- _DIRECTIONS_
The reply should consist solely of the lines from the one with "Merrick Garland wears a suit and tie" through the final line of the listing, copied exactly, with no pictures.

- _STORED DATA_
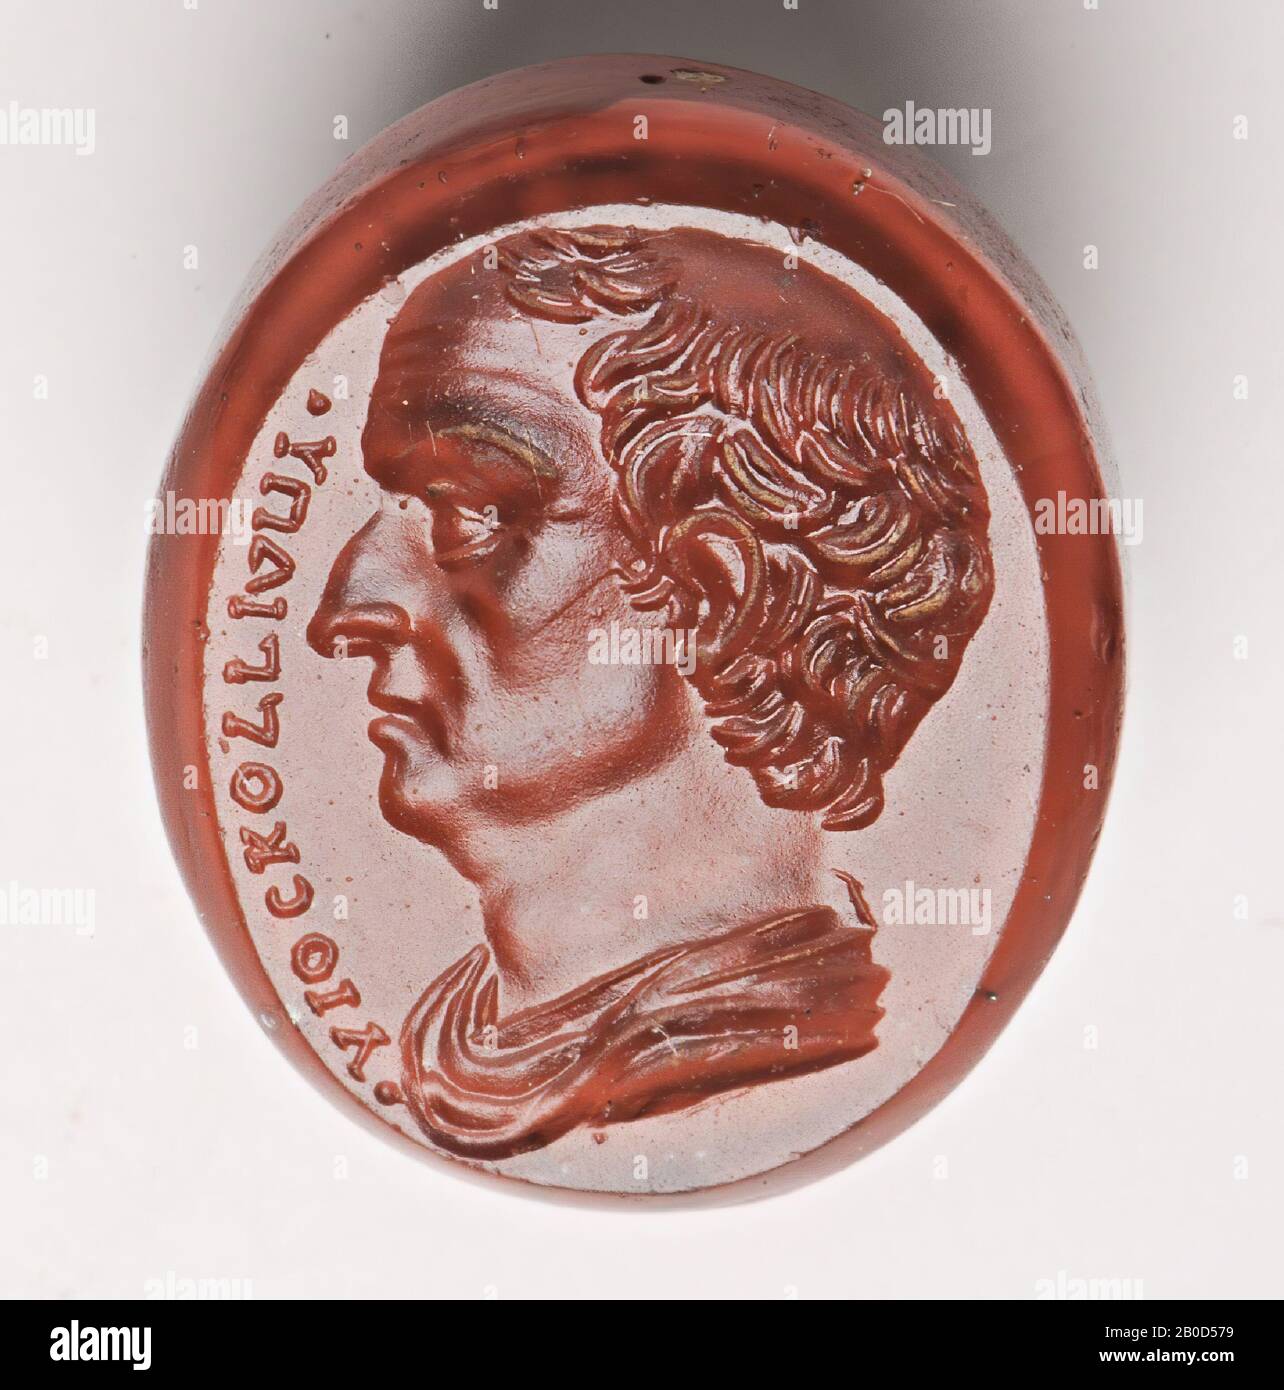 Vz: the man has a bald head, wrinkled forehead and a robe around his shoulders, gem, intaglio, unknown, Color: red-orange, Shape: oval, Processing: edge at the front slightly receding with respect to the middle from the edge, 12 x 15 x 4 mm Stock Photo
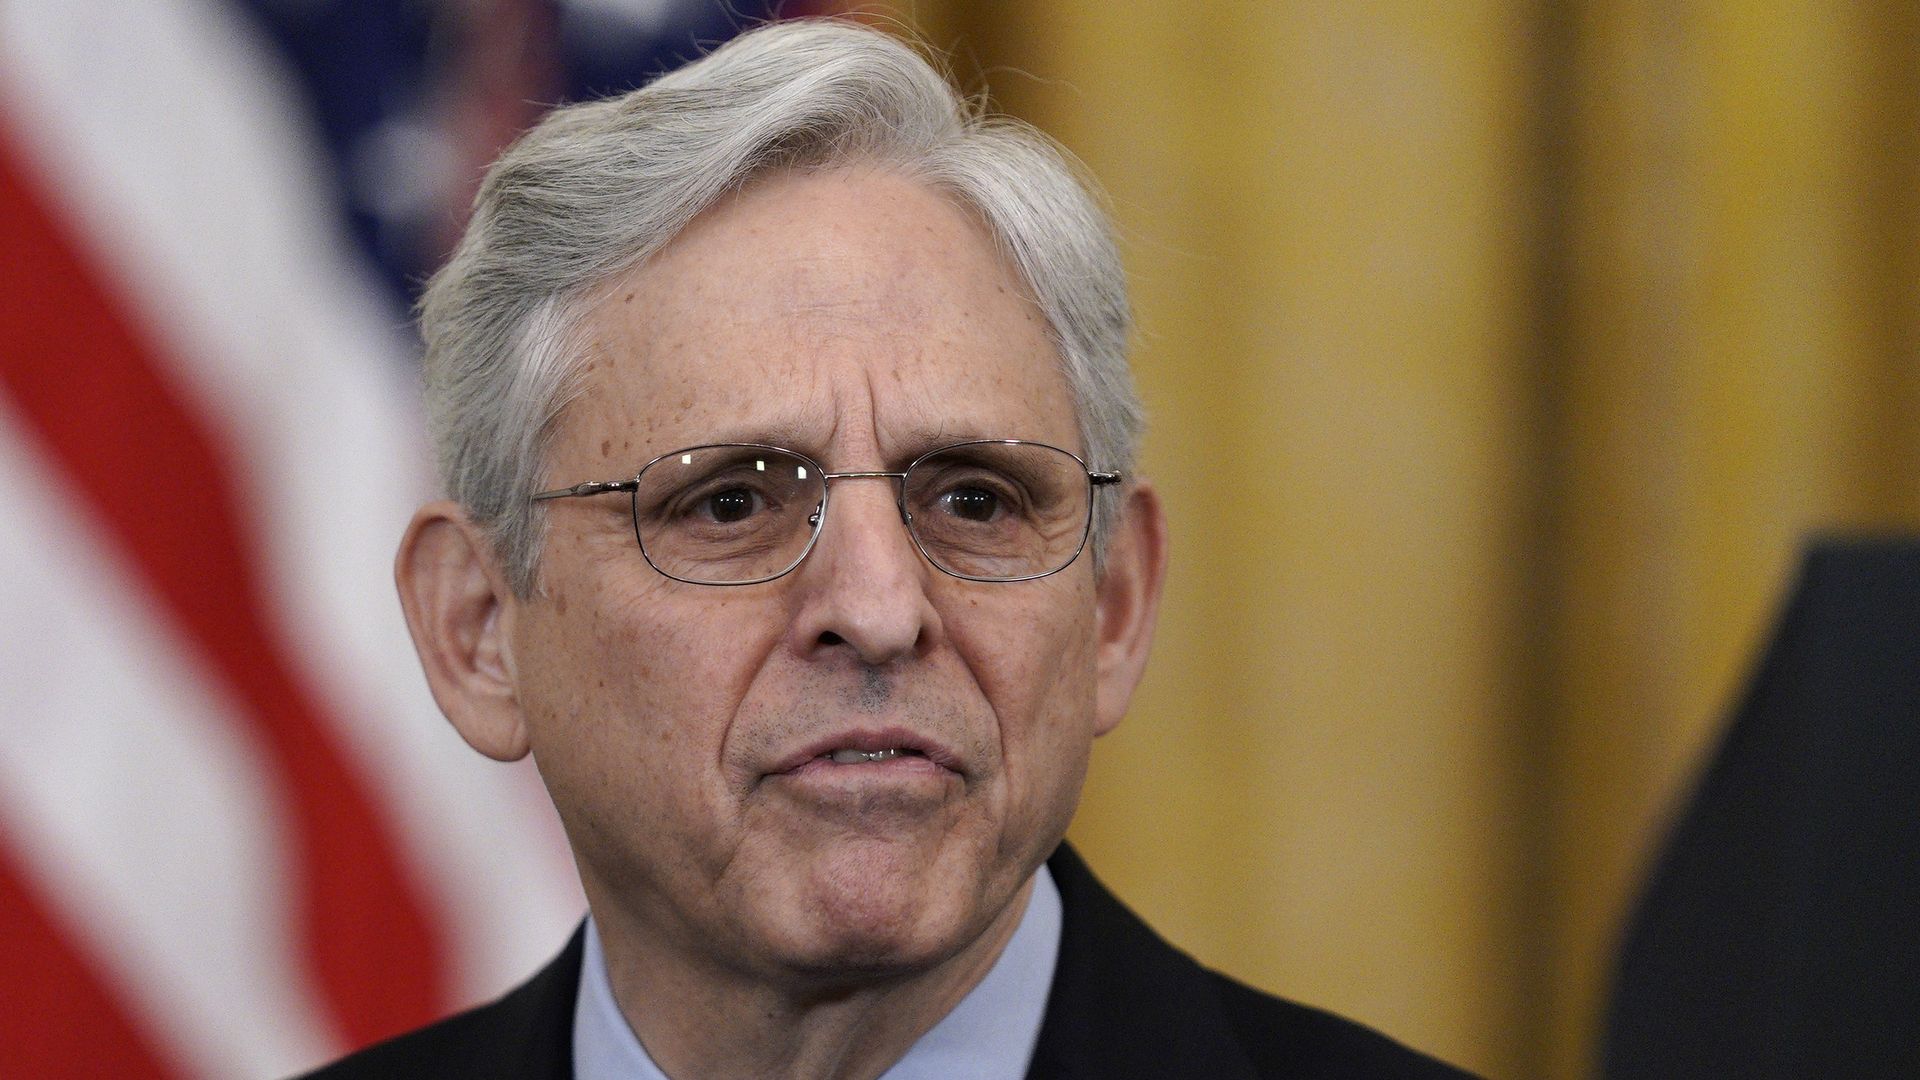 Merrick Garland wears a suit and tie
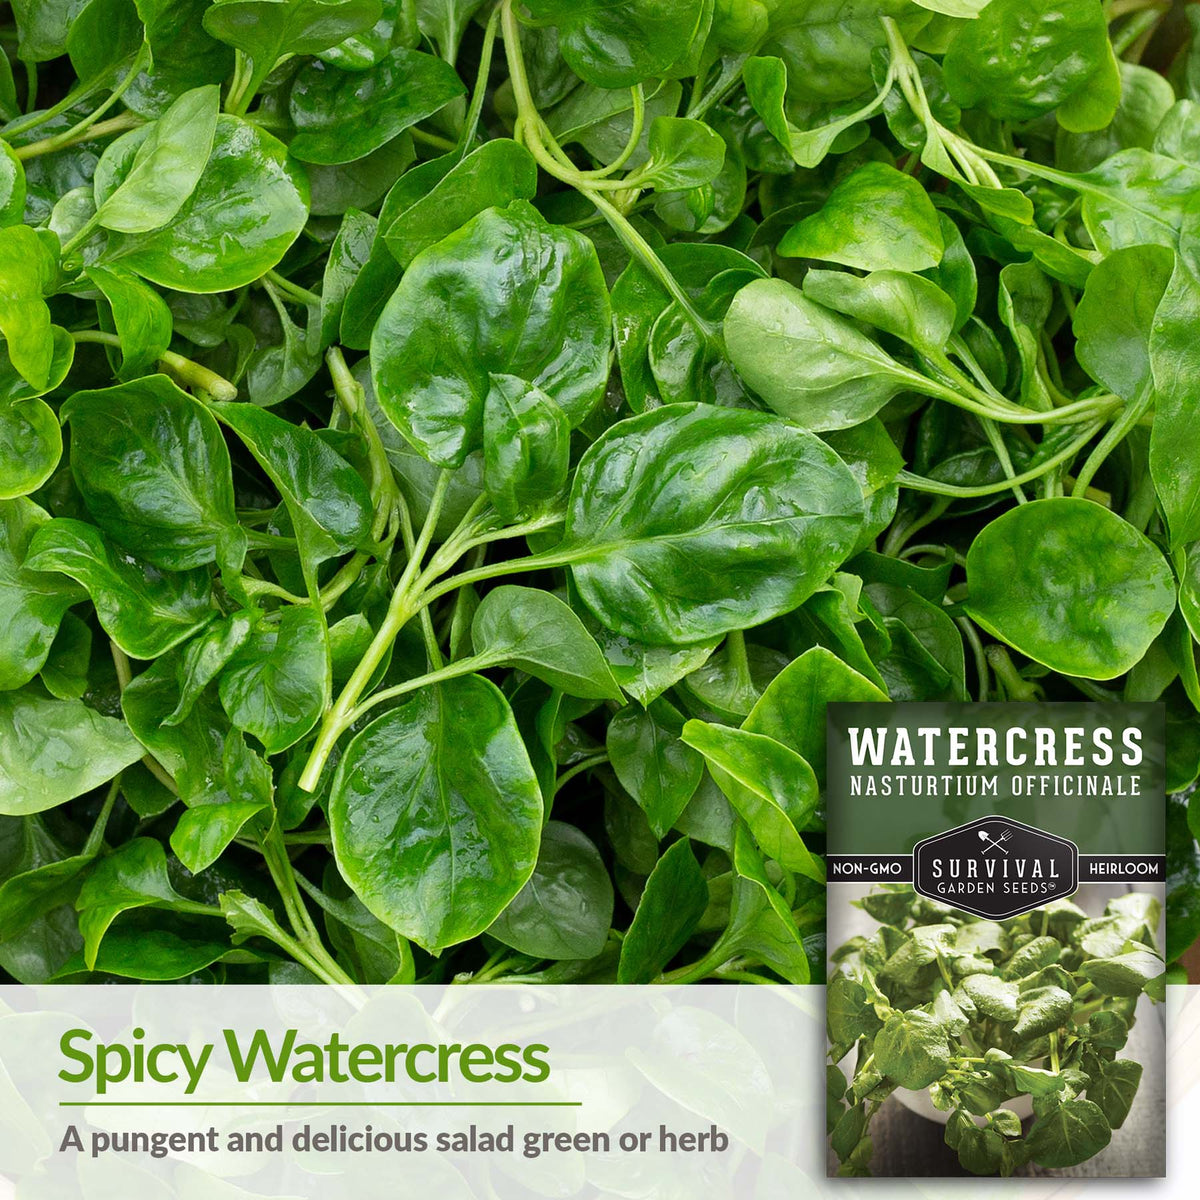 Spicy watercress is delicious in a salad

- _SOLUTION FOR THIS TASK_
 Merrick Garland wears a suit and tie
 Spicy watercress is delicious in a salad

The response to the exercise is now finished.